No. No, Not that. It couldn't be that. Of all the beings in creation—
With a wave of its hand a rush of energy hit the chest in the room's center and it…shifted—clicked like a lock undone. Foul steam emanated out as the top unlatched and curved to the side. It was some kind of…pool, or wash basin. In went the creature's hand, and it stirred and stirred until it came out with a handful of writhing worms. Or…tadpoles. That was the word they used for these monsters.
The creature turned to his cage, and began levitating towards it.
His breath quickened and heated and his wrists thrashed against their jailors. Black leaked from his mouth and small embers flew out as he bashed his head against the amber plating of his pod. Thump, thump, thump, and a small crack emerged but not before the creature willed it open. Out the door swung, but his restraints tightened.
A deep breath, like he was trying to suck in all the air in existence. His chest expanded like a war balloon and smoke danced even from out between his eyes.
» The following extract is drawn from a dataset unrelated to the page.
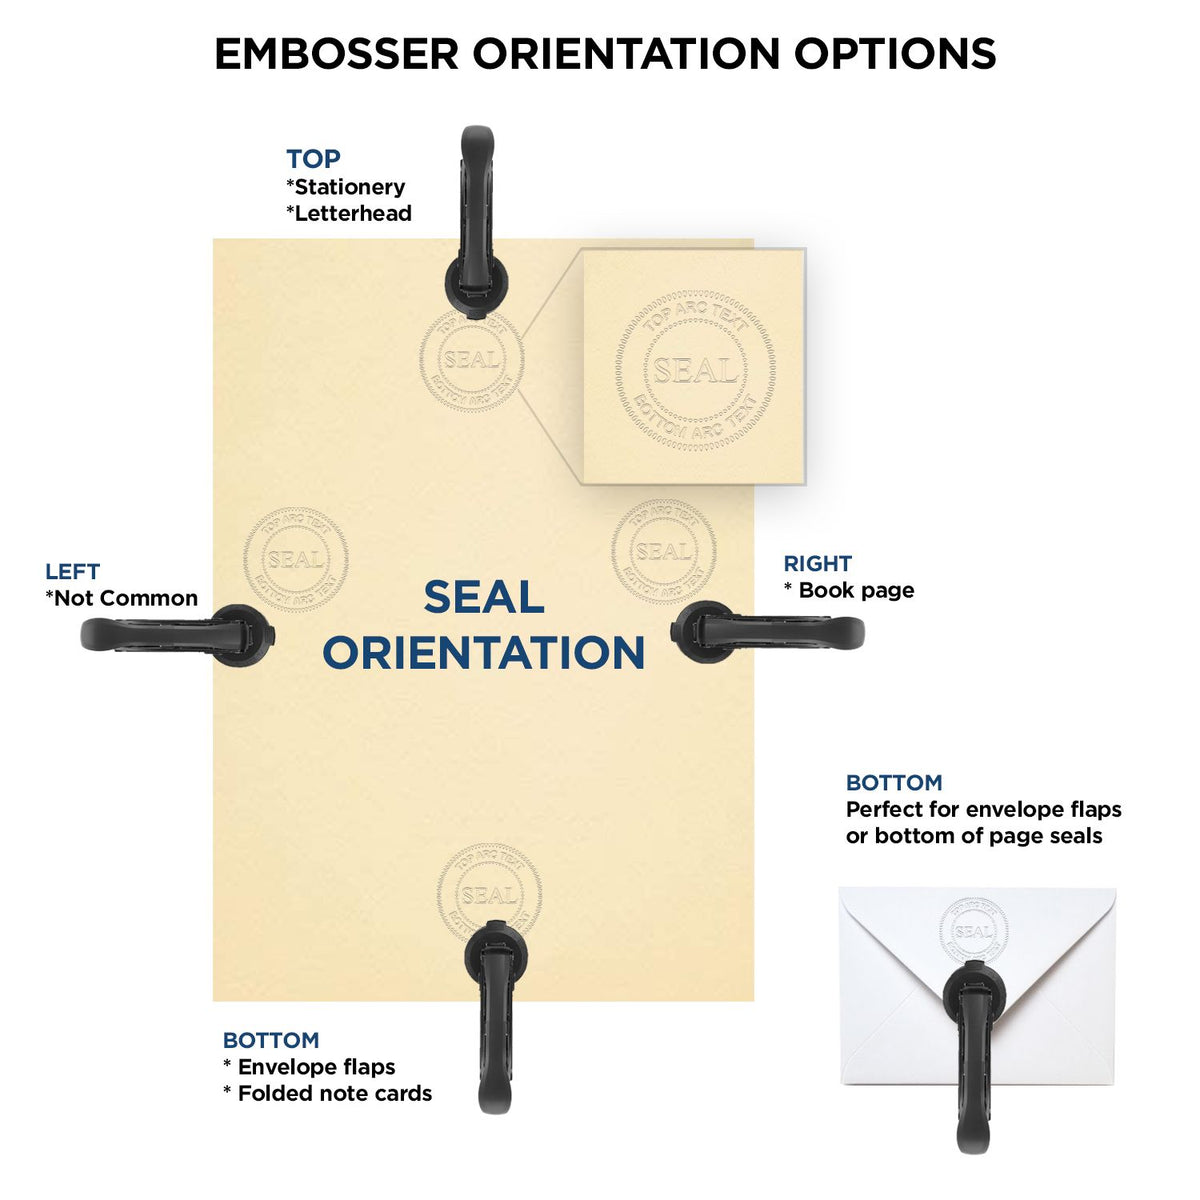 An infographic for the Alaska Geologist Desk Seal showing embosser orientation, this is showing examples of a top, bottom, right and left insert.

Just as he was about to let loose the bellow the creature wagged its finger and his body responded like a bonded servant.
He would kill it, he thought. Snap its neck like a twig and then piss on its corpse. He'd use the sharp edges of its armor to play darts with its minion's heads and then fry the tentacles over a—
Nothing had prepared him for this. The end was coming too soon. He'd never foreseen this. One mistake would snuff out a flame that could have threatened Naga. The whole universe would quiver with the knowledge that he was reduced to a brain eating slave, a servant to something lower than even those mongrels they called gods.
Just like that. Fate plays its hand, and for once it wasn't in his favor. He couldn't even cry: No scream escaped his lips. Even in complete and utter defeat, he had to face it in dignity. That was his burden.
Up the mind flayer's hand went, curled around the singular parasite which would soon spell the end of this man's storied life. What adventures he'd had! Shouldn't he have been happy? But, as the tadpole's slimy tail wriggled and its many layers of teeth unfolded, it felt like a lie. How many threads would be cut by this one act? What questions left unanswered, what answers forlorn and unearthed?
In that moment, even he trembled. The fearless one, reminded once again by the tug of fate's leash.
The parasite jumped and latched onto his eye. He seethed and his skin burned with the heat of many suns but still it dug. His muscles were steel, his tendons like spider silk, and his bones tough as a mountain, but nothing could have trained him to resist such a threat. Between his eye and skull it slipped—and thus began his dance with death. Chains were set upon the unfettered: A small worm threatened the man of perilous destiny.
Was he afraid? Who knows. He would never have admitted it. What was for certain was that even he, the great proclaimer, doubted his beloved in those moments before the darkness claimed him.
How cruel fate could be to its chosen.